Pour l’heure un brocanteur est  venu estimer quelques vieux  meubles relégués au grenier  et dont j’envisage de me débarrasser avant  d’entamer les travaux de rénovation qui s’imposent. Seules  une table et  une armoire l’intéressent, nous nous mettons vite  d’accord sur  le prix. Avant de prendre congé, il revient vers un petit secrétaire que je tiens à conserver pour les filles.  Il m’apprend alors l’existence probable d’un tiroir secret et se propose de me le faire découvrir.  Je suis intrigué et le  laisse faire. Il examine le meuble sous toutes ses faces,  cherche minutieusement et soudain enclenche le mécanisme qui déverrouille la cachette, une cachette qui n’est pas vide !

Après avoir raccompagné mon visiteur, je remonte, fébrile, impatient,  m’assois dans un fauteuil éventré et examine mon trésor. Un rapide coup d’œil me permet de comprendre qu’il s’agit  du carnet militaire de mon arrière grand père et de son journal de guerre. Je les laisse de côté car ce qui retient avant tout  mon attention, c’est une  grande enveloppe blanche, sans adresse ni destinataire.  Je  la décachette et découvre  à l’intérieur, une enveloppe plus petite, ouverte et une lettre adressée à mon arrière grand-mère par son mari.

 

 

Le 30 mai 1917

 

 

Léonie chérie

 

 

J’ai confié cette dernière lettre à des mains amies en espérant  qu’elle t’arrive un jour afin que tu saches la vérité et parce que je  veux aujourd’hui témoigner de l’horreur de cette guerre.

 

Quand nous sommes arrivés ici, la plaine était magnifique.
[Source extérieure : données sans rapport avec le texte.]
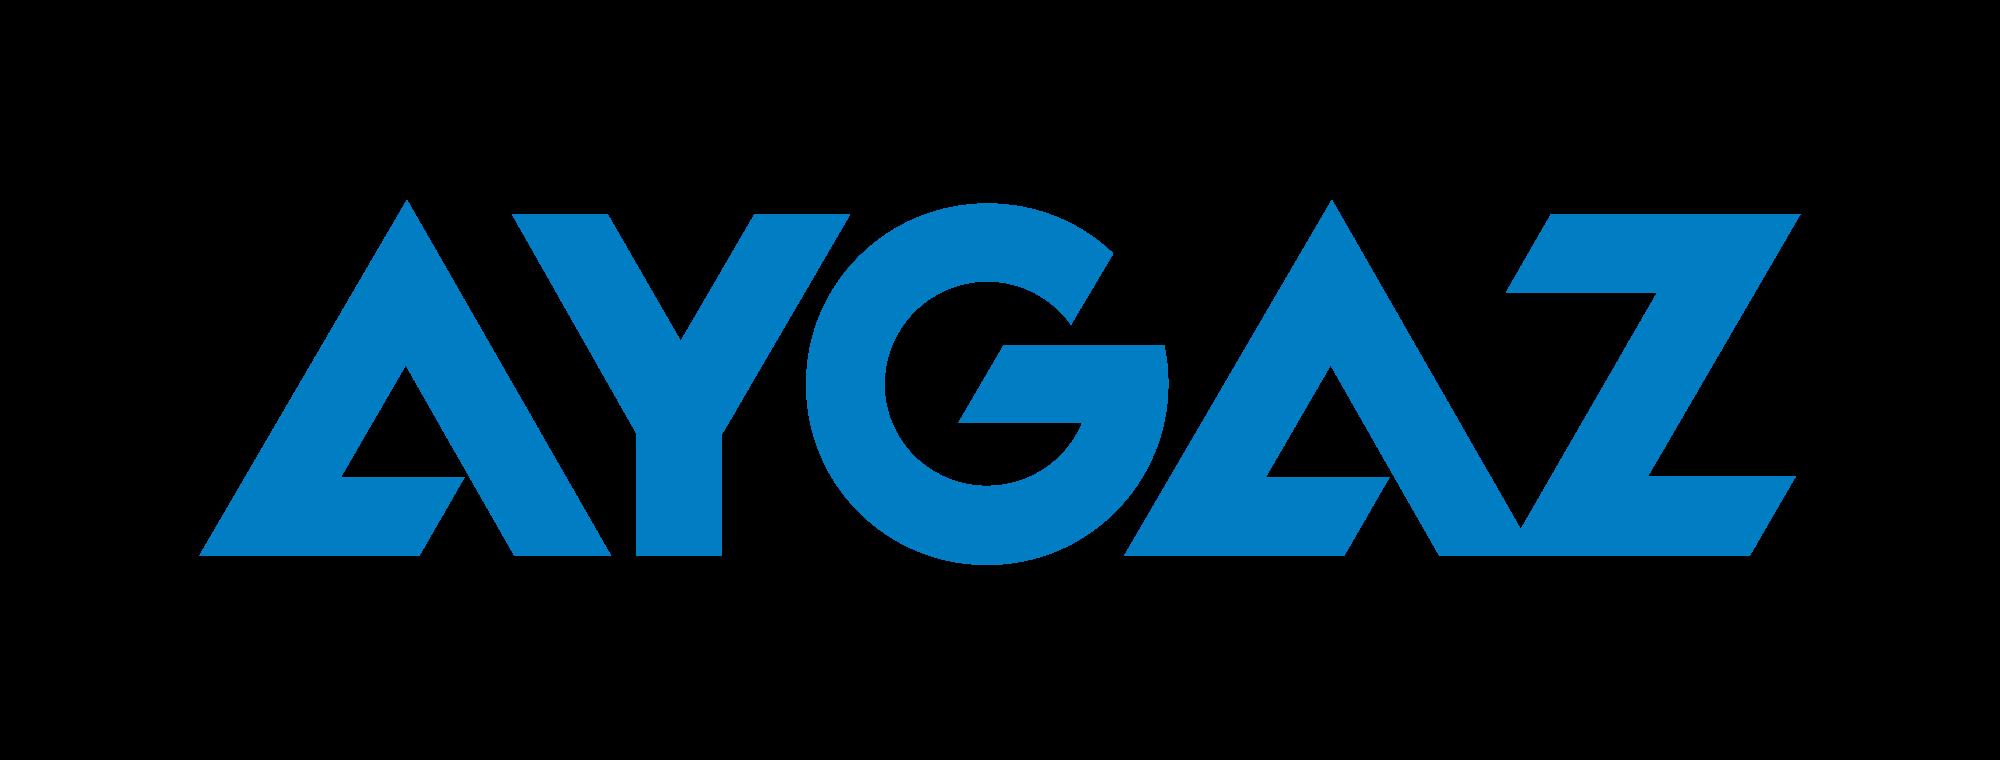 Aygaz PNG

Aujourd’hui, les rives de l’Aisne ressemblent au pays de la mort. La terre est bouleversée, brûlée. Le paysage  n’est plus  que champ de ruines. Nous sommes dans les tranchées de première ligne. En plus des balles, des bombes, des barbelés, c’est la guerre des mines avec la perspective de sauter à tout moment. Nous sommes sales, nos frusques sont en lambeaux. Nous pataugeons dans la boue, une boue de glaise, épaisse, collante dont il est impossible de se débarrasser. Les tranchées s’écroulent sous les obus et mettent à jour des corps, des  ossements et des crânes, l’odeur est pestilentielle. Tout manque : l’eau, les latrines, la soupe. Nous sommes mal ravitaillés, la galetouse est bien vide ! Un seul repas de nuit et qui arrive froid à cause de la longueur des boyaux à parcourir. Nous n’avons même plus de sèches pour nous réconforter parfois  encore un peu de jus et une rasade de casse-pattes pour nous réchauffer.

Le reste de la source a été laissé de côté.